# Overtaking horses



## Tails and Trails (Jan 9, 2014)

Im quite horse savvy, have experience of riding and my other half rides.

So i always slow down for horse and pass slow and wide

today I did just this, for two pairs of horses ahead of me riding 2 abreast (or it might have been 3 horses with 2 abreast, im not sure)

Its a lane with a stables on it, but can also be quite fast with traffic.

So here I was, already in the process of passing wide and slow. I was quietly and slowly getting up alongside the horses, on the other side of the road, with the intention of slowly returning to my side of the road in front of the horses.
It was safe to do so at this point, as the road was very straight with a good long view and there was no oncoming traffic. However, by the time I had taken to get alongside the horses, a car had come bombing up his side of the road. He could see well in advance what I was doing, but kept his fast speed up. This left me with the choice of suddenly accelerating alongside and in front of 4 horses, which I was was not prepared to do. So he slowed down a tad but still proceeded to flash me to compel me to do so, but I kept to my decision.
At which point the riders became aware of the situation and pulled over on to the grass verge, as I was stranded alongside them, unable to get round in front back to my side of the rode, as the other driver had stopped too close in front of me blocking my access.

What does everyone think of this situation?


----------



## Wiz201 (Jun 13, 2012)

he was a stupid idiot and should have slowed down to let you pass as well as passing the horses.


----------



## Lurcherlad (Jan 5, 2013)

The bloke was a complete w*nker! Sounds like he had plenty of time to be considerate and was obviously going too fast if he appeared from nowhere in the conditions that you state. 

A scenario similar to this resulted in an horrendous accident with someone I know. One rider broke a leg, one rider broke her back and ended up in a wheelchair.

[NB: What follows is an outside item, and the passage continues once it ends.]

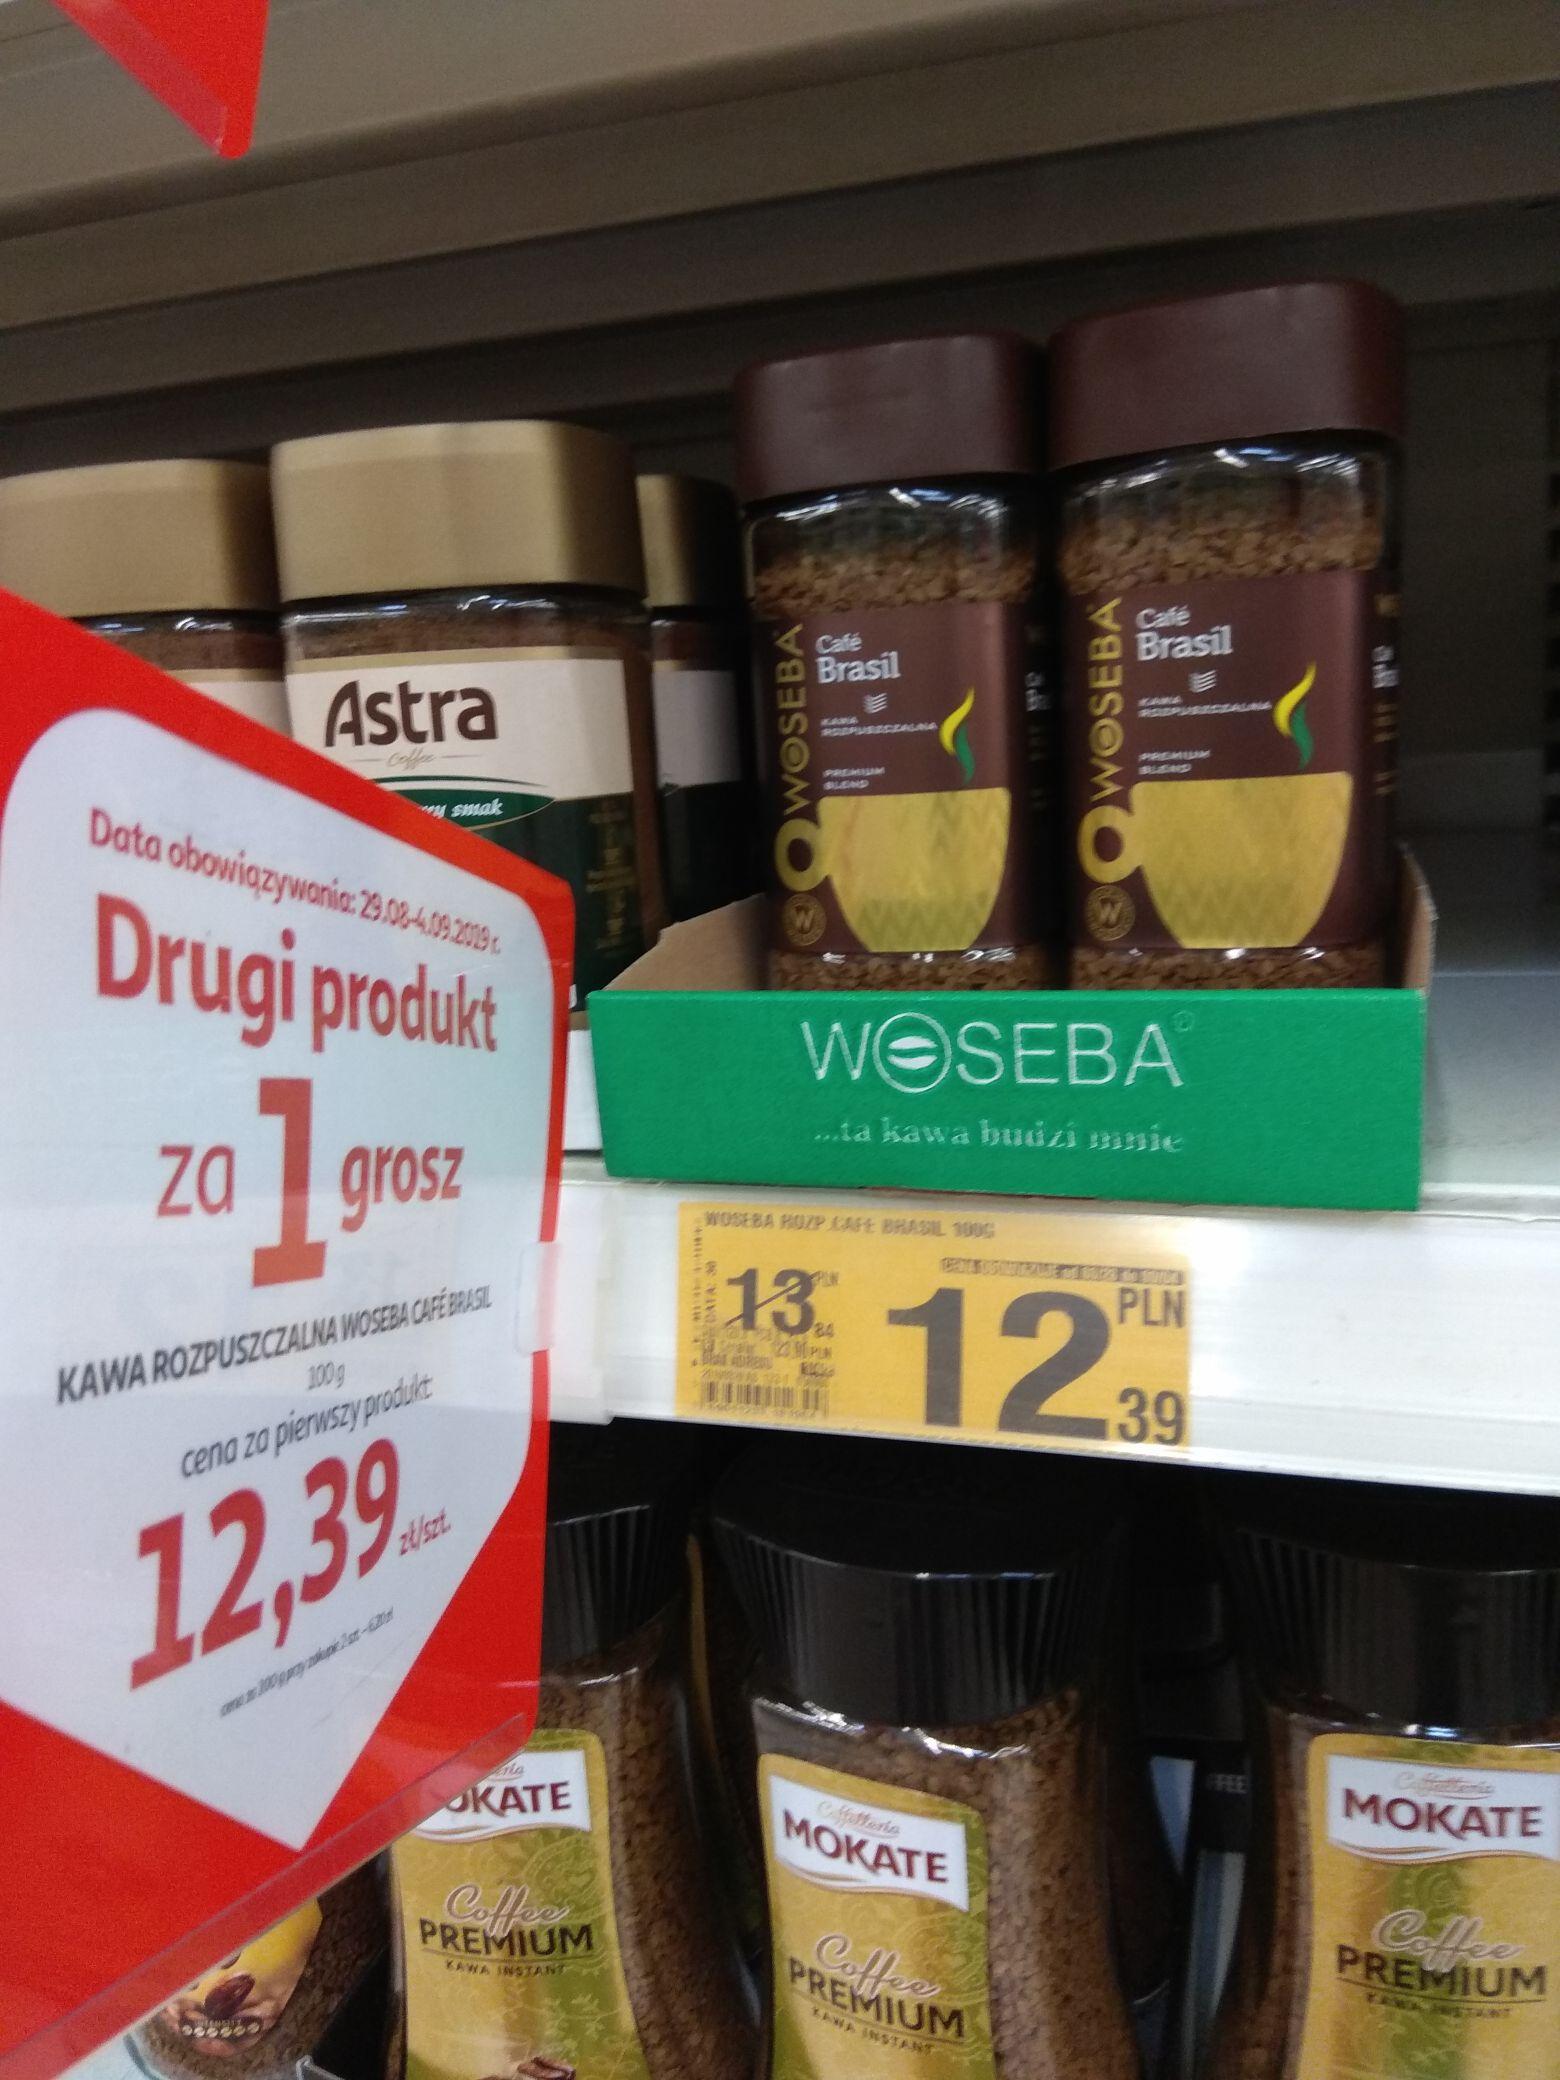 Kawa woseba rozpuszczalna + druga sztuka za grosz

Both horses had to be destroyed. 

The driver was unscathed - just delayed.


----------



## lymorelynn (Oct 4, 2008)

The other driver was being pigheaded in the extreme!
Okay, the riders shouldn't have been two abreast on a road that can be busy but the other driver was obviously aware of them and you. He should have slowed down to allow you to pass.
I am a rider and live in area where seeing riders on the roads is common - I always give them a wide berth when overtaking and have rarely had less than the same courtesy extended to me.


----------



## Tails and Trails (Jan 9, 2014)

Hi guys I'm glad you said that. Thank you

What happened next was I eventually got round the horses back my own side of road and slowly set off.
I had my Windows down and I heard the three lady riders shouting and ranting at me

I pulled over and tried to ask what they are shouting at me for as I couldn't understand what they were saying with them all shouting at once.
It took me couple goes to get that out as I couldn't get a word in.

One then accuses me of deliberately riding from behind them into oncoming traffic endangering the lives of their horses

I was a bit gobsmacked and when I had explained the facts of me passing them slowly they replied when the other car blocked me I should have reversed back behind the horses


----------



## Wiz201 (Jun 13, 2012)

oh god, they were shouting at the wrong driver. What speed were you going at? I usually slow down to about 10 - 15 mph on a clear road around horses if I'm overtaking. Obviously slower than that if I'm waiting to pull out.


----------



## Tails and Trails (Jan 9, 2014)

10 or less


----------



## Wiz201 (Jun 13, 2012)

um, I always pull pass horses smoothly so going above 10mph would probably be safer. Doesn't excuse the behaviour of the other driver though


----------



## Tails and Trails (Jan 9, 2014)

Wiz201 said:


> um, I always pull pass horses smoothly so going above 10mph would probably be safer. Doesn't excuse the behaviour of the other driver though


i was driving smoothly. they were two abreast also

seems a bit odd to me they abused the horse friendly driver.
clearly that jumped to the wrong conclusion. even when i explained the actual facts to them, they wouldnt stop their attitude.
after ranting about 'endangering them', seems a bit odd they then tell me I should have endangered them by reversing back around them.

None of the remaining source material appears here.